Tuesday, January 31, 2017

The Nearly Lost Art of Assembly Language

Looking around at all the modern programming languages and methods, one would think we know more about writing good code now than ever before. One would think that we have risen to the point of writing code in ways that preclude the necessity of even understanding how the CPU operates and the operating system functions.

Sadly, we are at that point to a large extent. Ask new grad programmers - I dare not list the degrees specifically given the plethora of degrees that generate programmers - how their lines of code actually work under the covers and you will get stammers or blank stares. Ask them how function calls - and even if you are an object-oriented enthusiast methods are still functions - are handled in context switches. You may get an explanation shows a rudimentary explanation, but ask them for specific CPU register names and you've exceeded their wealth of knowledge.

Once upon a time, universities taught programmers how to write assembly language code. That is no longer the case. You will find it in masters programs as electives, maybe even a short segment of a required class, but you don't find undergrads being taught assembly language code.
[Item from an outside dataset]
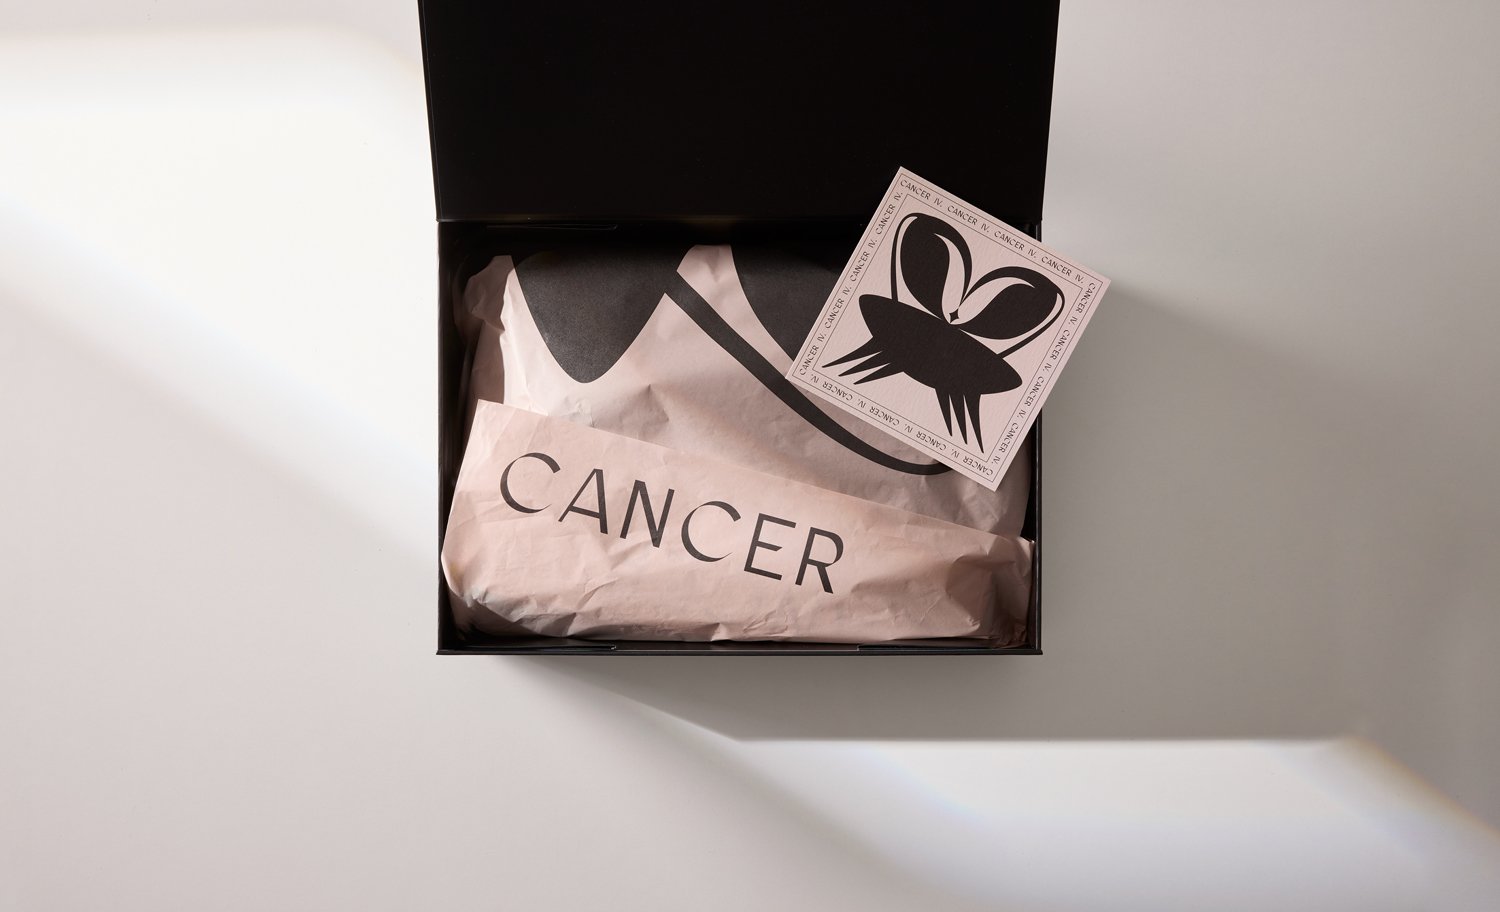 New brand identity and packaging design by Auckland-based Seachange for Australian contemporary gift box business TWELV

In the past, the argument could be made that was because there were far too many processor architectures that had vastly different instruction sets. That meant there was no predominant assembly language with the exception of IBM mainframe assembly language courtesy of the System 370 which a lot of guys my age had to learn.

Some of us also picked up VAX assembly language and maybe even Sparc. Some of us were fortunate enough to have learned assembly language programming for the x86 architecture back in the day.
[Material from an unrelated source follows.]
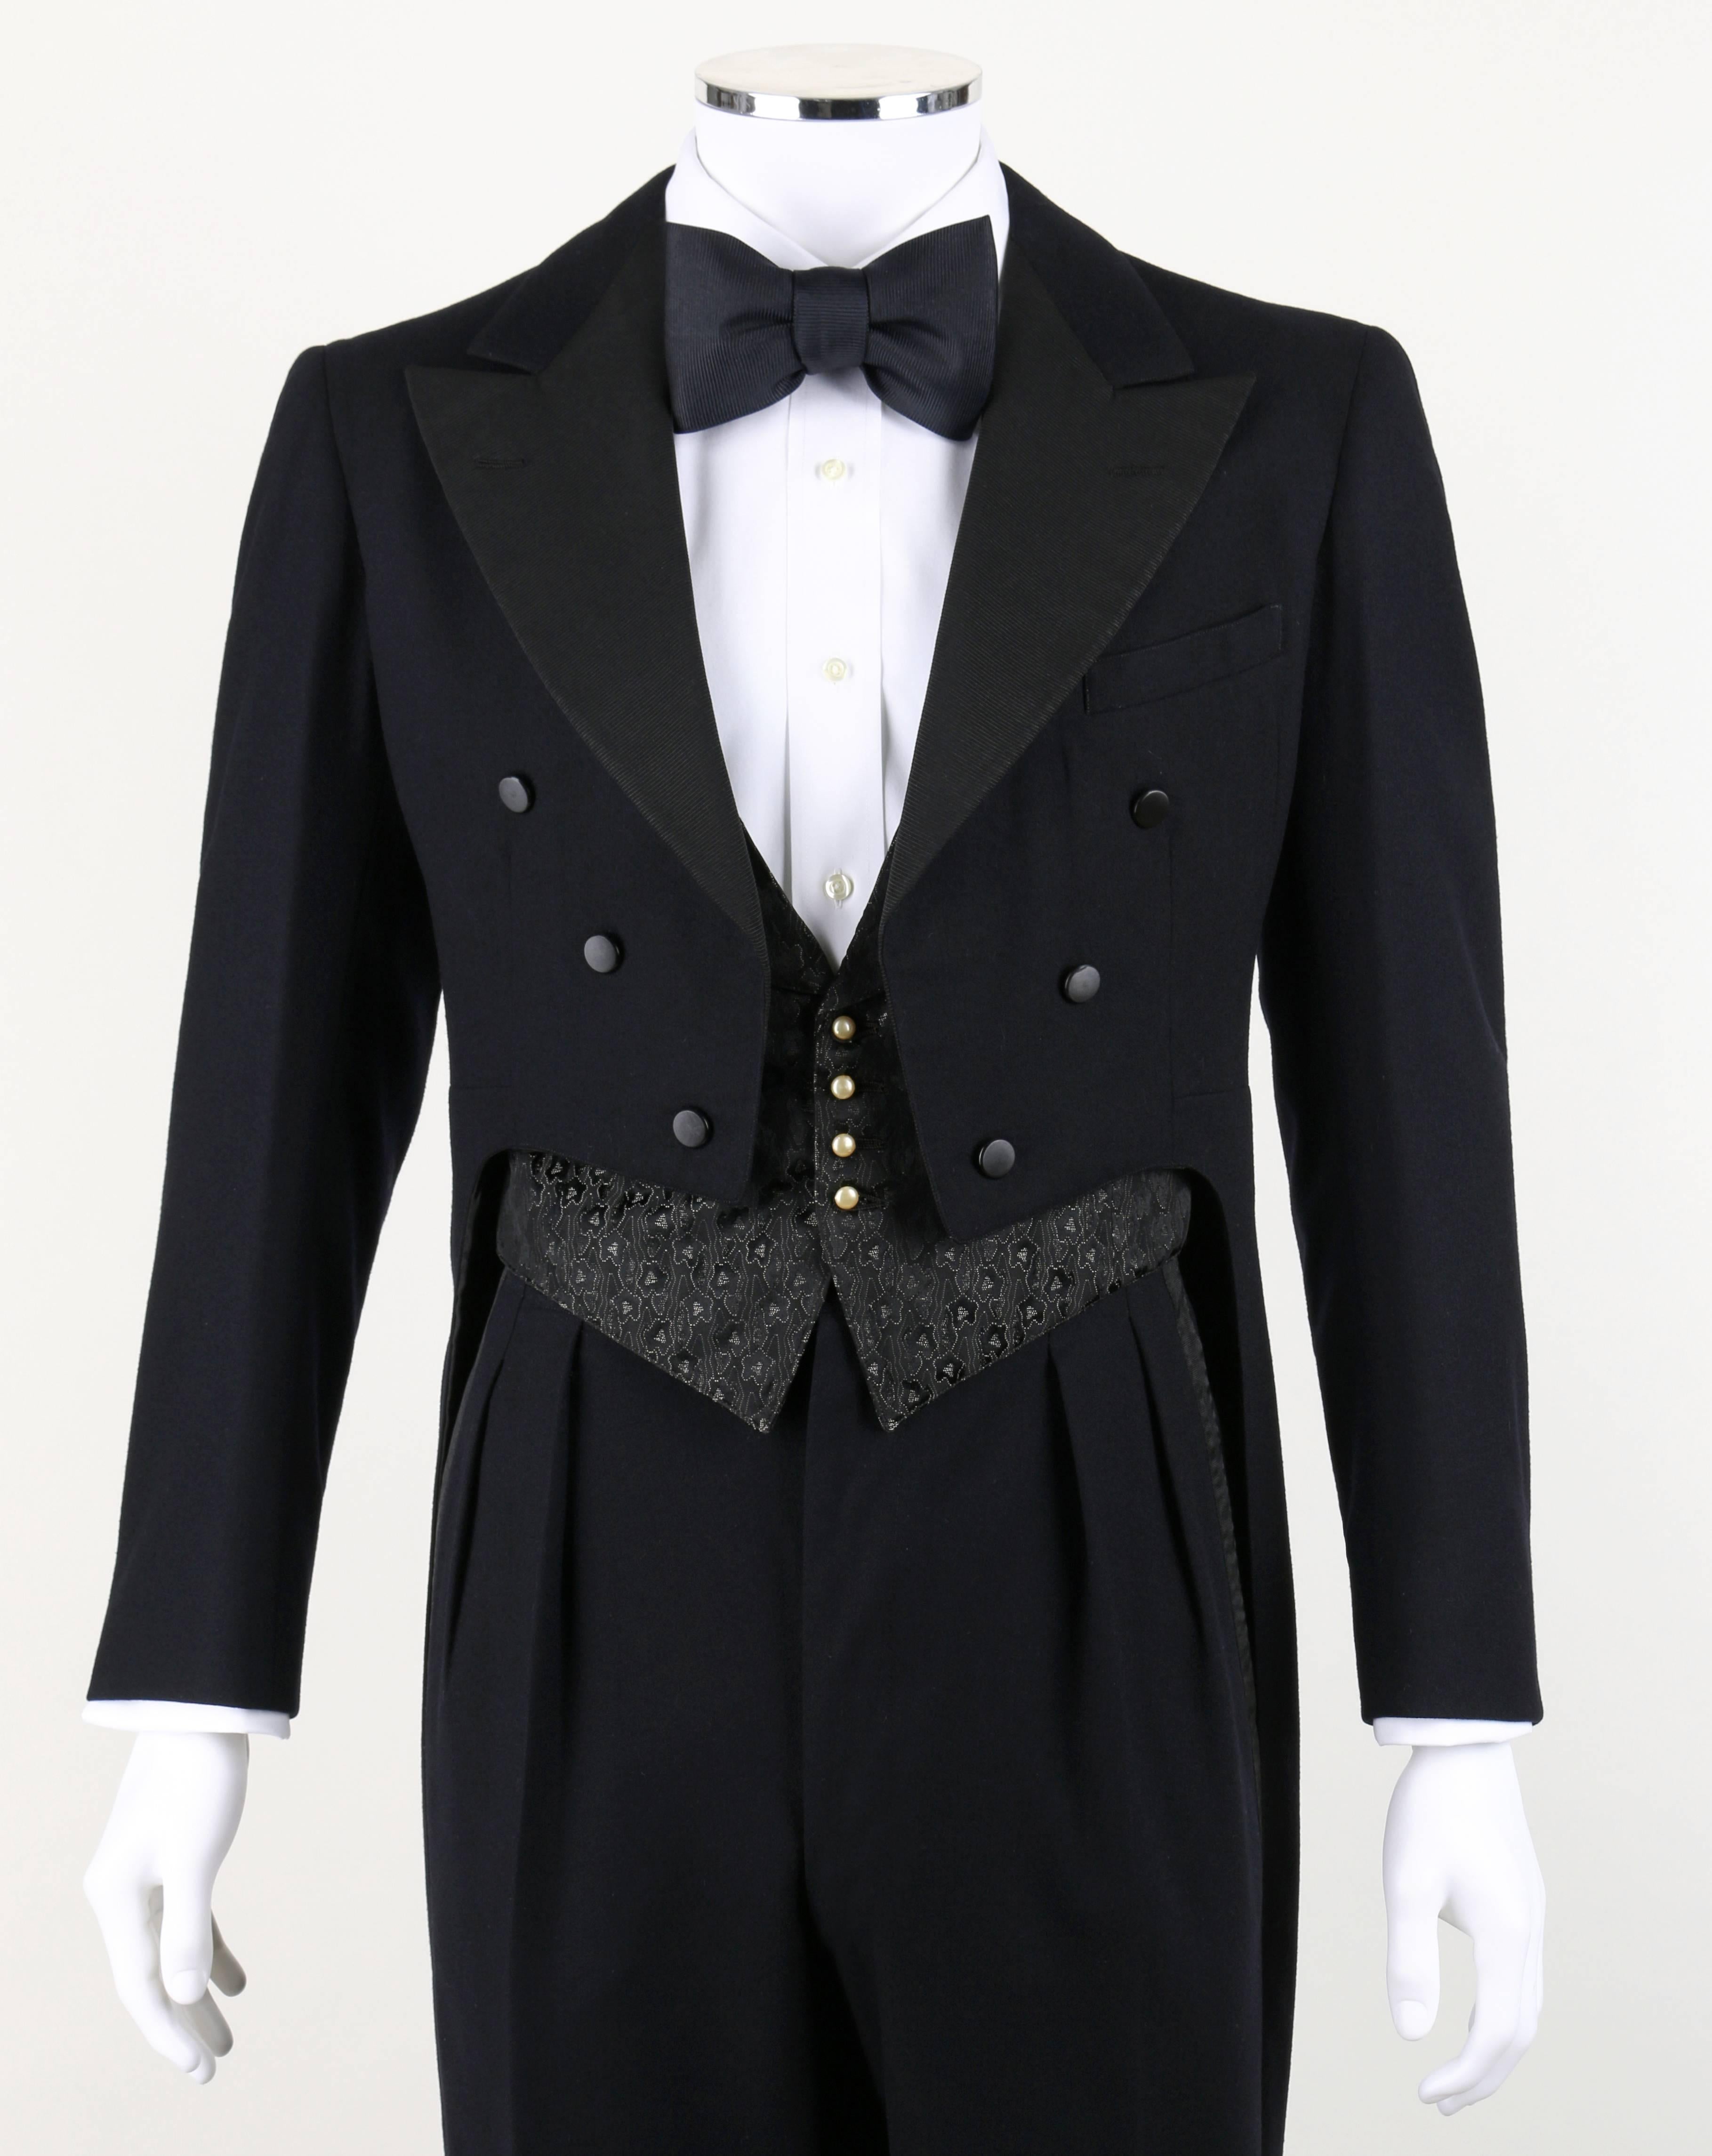 Vintage 1932 three piece formal tailcoat evening suit. Jacket and trousers were made by Moritz & Winter and waistcoat by Anderson & Fritzell, both of Milwaukee. Waistcoat is dated August 1932 in an interior pocket. Jacket and trousers are made of

But the diversity excuse for not teaching assembly language doesn't float anymore. And in for all practical and commercial concerns, there are two assembly languages that could dominate for the role: x86 and ARM.

One could add Arduino to that list now as it's popularity among hobbyists is huge.

With the small device world embracing ARM, its assembly language would be a strong contender. With the thriving popularity of Arduino, that is also a strong contender.

However, the reality is every programmer out there has access to some kind of x86 based PC or laptop. They also have a number of excellent hypervisors that can provide x86 virtual machines to safely hammer away in assembly language in kernel space without the worry of damaging their actual machine.

So that begs the question. With the ubiquitous availability of computers and the gcc suite which compiles x86 assembly language, there really is no barrier to learning assembly language or teaching it in colleges and universities.

There is something satisfying, even elegant, in writing assembly language code. Seeing the machine code representation output from the assembler is like seeing the actual Rosetta Stone (not the software, the actual artifact). You see this indecipherable sequence of numbers (in hex) and its simplest explanation in a readable format.

I like that.

So the next time you are crafting your amazing class structure or using some new programming pattern for handling linked lists or some new multi-way linked trees, take a moment to pause and remember there is machine code under it. And think about that machine code as if it were on a Rosetta Stone that you can read.

Also rememver that every line of high-level code, from the "p = p->next" to the "object.next" iterator, can all be written in assembly language. Yes, it would take longer. And it not only can be done, it has been done.